En este país en el que los gobiernos no ejercen como tal nunca, como gobierno quiero decir, pedimos explicaciones a quien no debemos, pedimos explicaciones a quienes le sufren en lugar de a sus responsables. En este caso me refiero a los empresarios. Gran jaleo ha habido por las últimas declaraciones realizadas por la Presidenta del Círculo de Empresarios, Mónica de Oriol, manipuladas, como casi siempre, y malinterpretadas, también como siempre. Dice esta mujer, con gran razón, que la excesiva protección de los gobiernos por la mujer están generando la propia discriminación de la misma.

No hay que dar demasiadas vueltas, como está haciendo la mayor parte de la gente, no hay que rasgarse las vestiduras. Si un empresario, que se juega su dinero, tiene la opción de contratar a dos personas, un hombre y una mujer, la mujer con posibilidades de quedarse embarazada, ante la excesiva protección laboral de esta mujer la opción del empresario va a ser elegir al hombre. ¿Y por qué? Porque quien tiene que proteger a la mujer, y a la posible empresa que la contrate, es el estado, no el propio empresario.

Pero como este estado mucho proteger, pero poco pagar, pretende proteger mientras quien pague sea otro. El empresario simplemente acata, pero elige, acata la ley, pero elige no pagar, acata la ley, pero elige hombre. ¿Y eso es culpa del empresario? No, eso es culpa de un gobierno, malo de solemnidad, cuyo único fin es el recaudatorio y el no responsabilizarse de nada nunca. ¿Y eso por qué es? ¿Por qué la mujer sea mala? ¿Por qué el empresario es malo? No, porque el que es malo es el gobierno, protege a la familia y a la mujer de boquilla, pero mientras sea otro el que pague.

Lo que tiene que hacer el estado, y debe ser demasiado difícil, es proteger a la mujer, pero también garantizar al empresario que la contrate una ayuda económica para cuando ésta quede embarazada. Vivimos rodeados de políticos sinvergüenzas que, además de no asumir sus responsabilidades hasta el final, le pasan la patata caliente a quien no le corresponde pagar sus platos rotos.
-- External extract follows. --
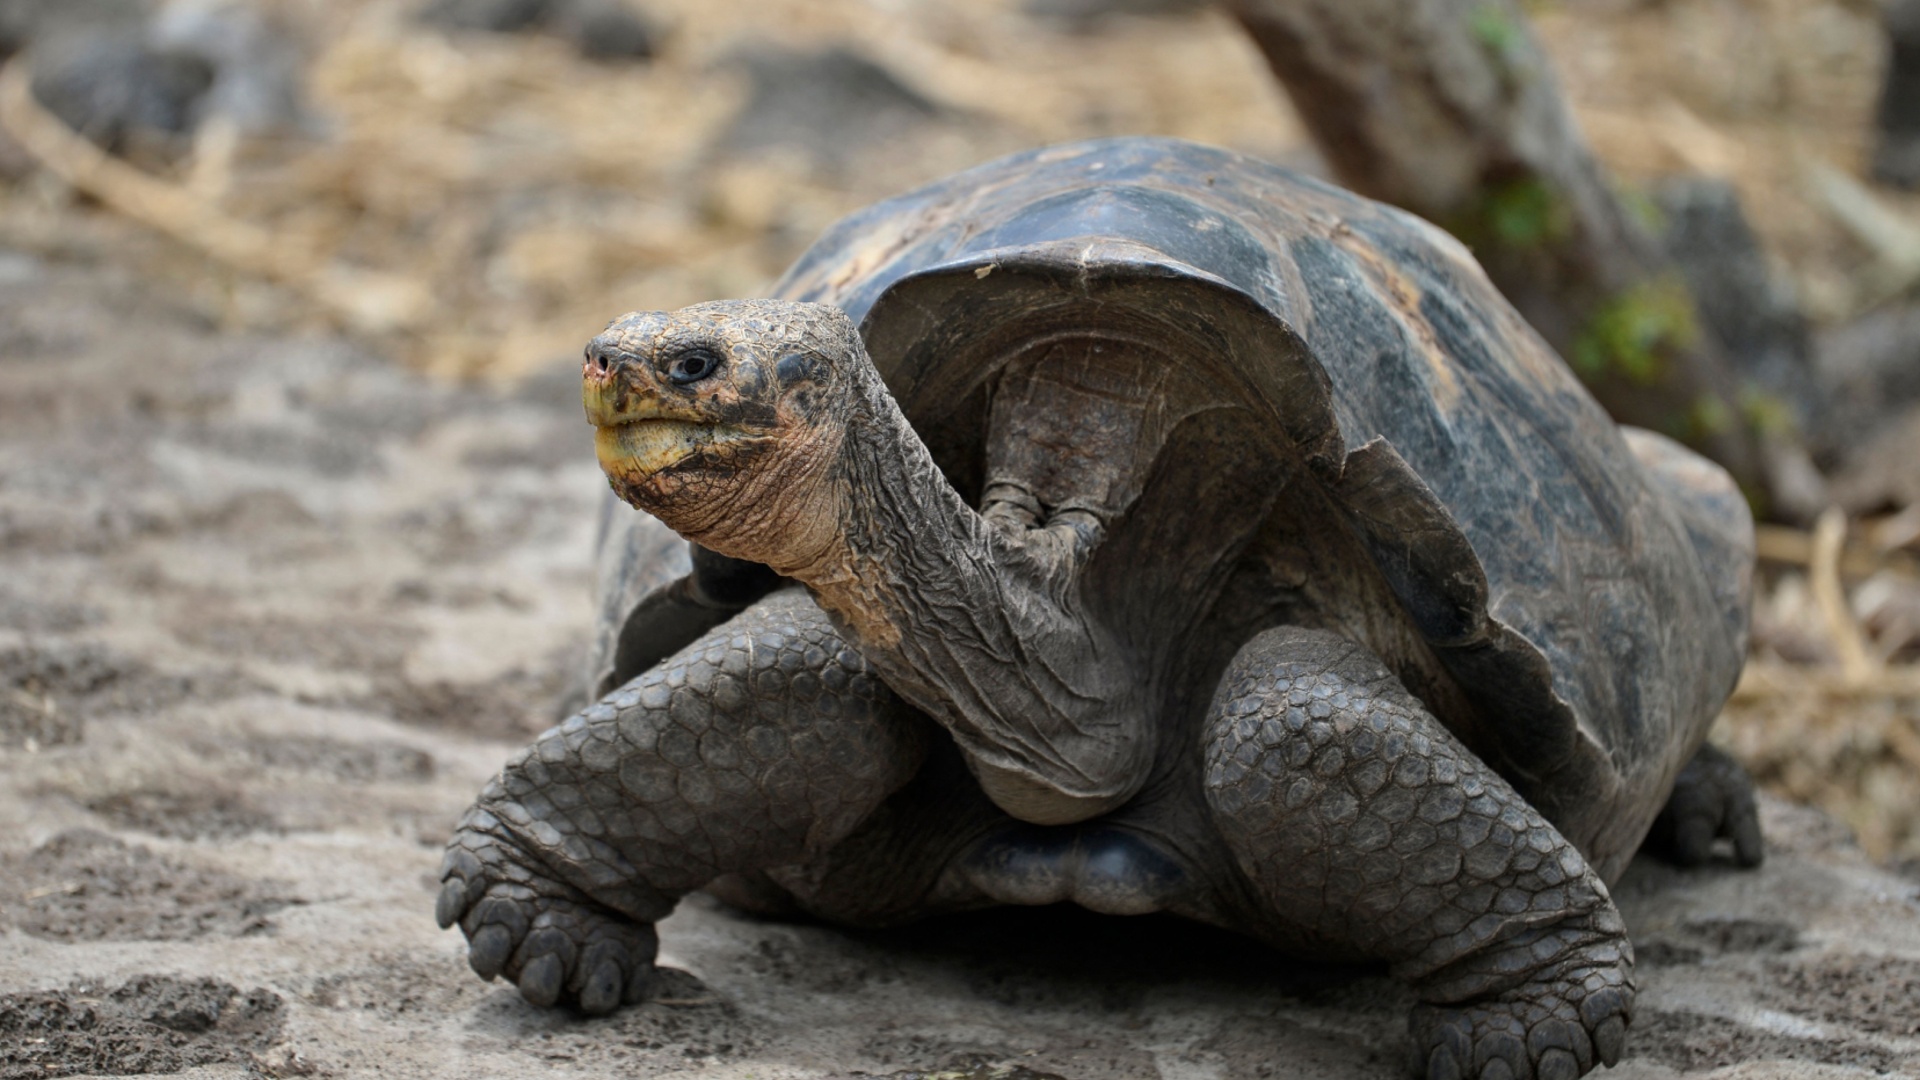 40 редких черепах вырастили и выпустили в дикую природу на Галапагосах

A todos esos que tanto critican a Mónica de Oriol les propongo un juego: Que vayan a un banco, a este banco le van a pedir un préstamo (avalado por ellos claro), que monten su negocio, antes de contratar personal, que se lean la legislación laboral. Una vez dados todos estos pasos que contraten, con su dinero claro, y que elijan. Después que me lo cuenten.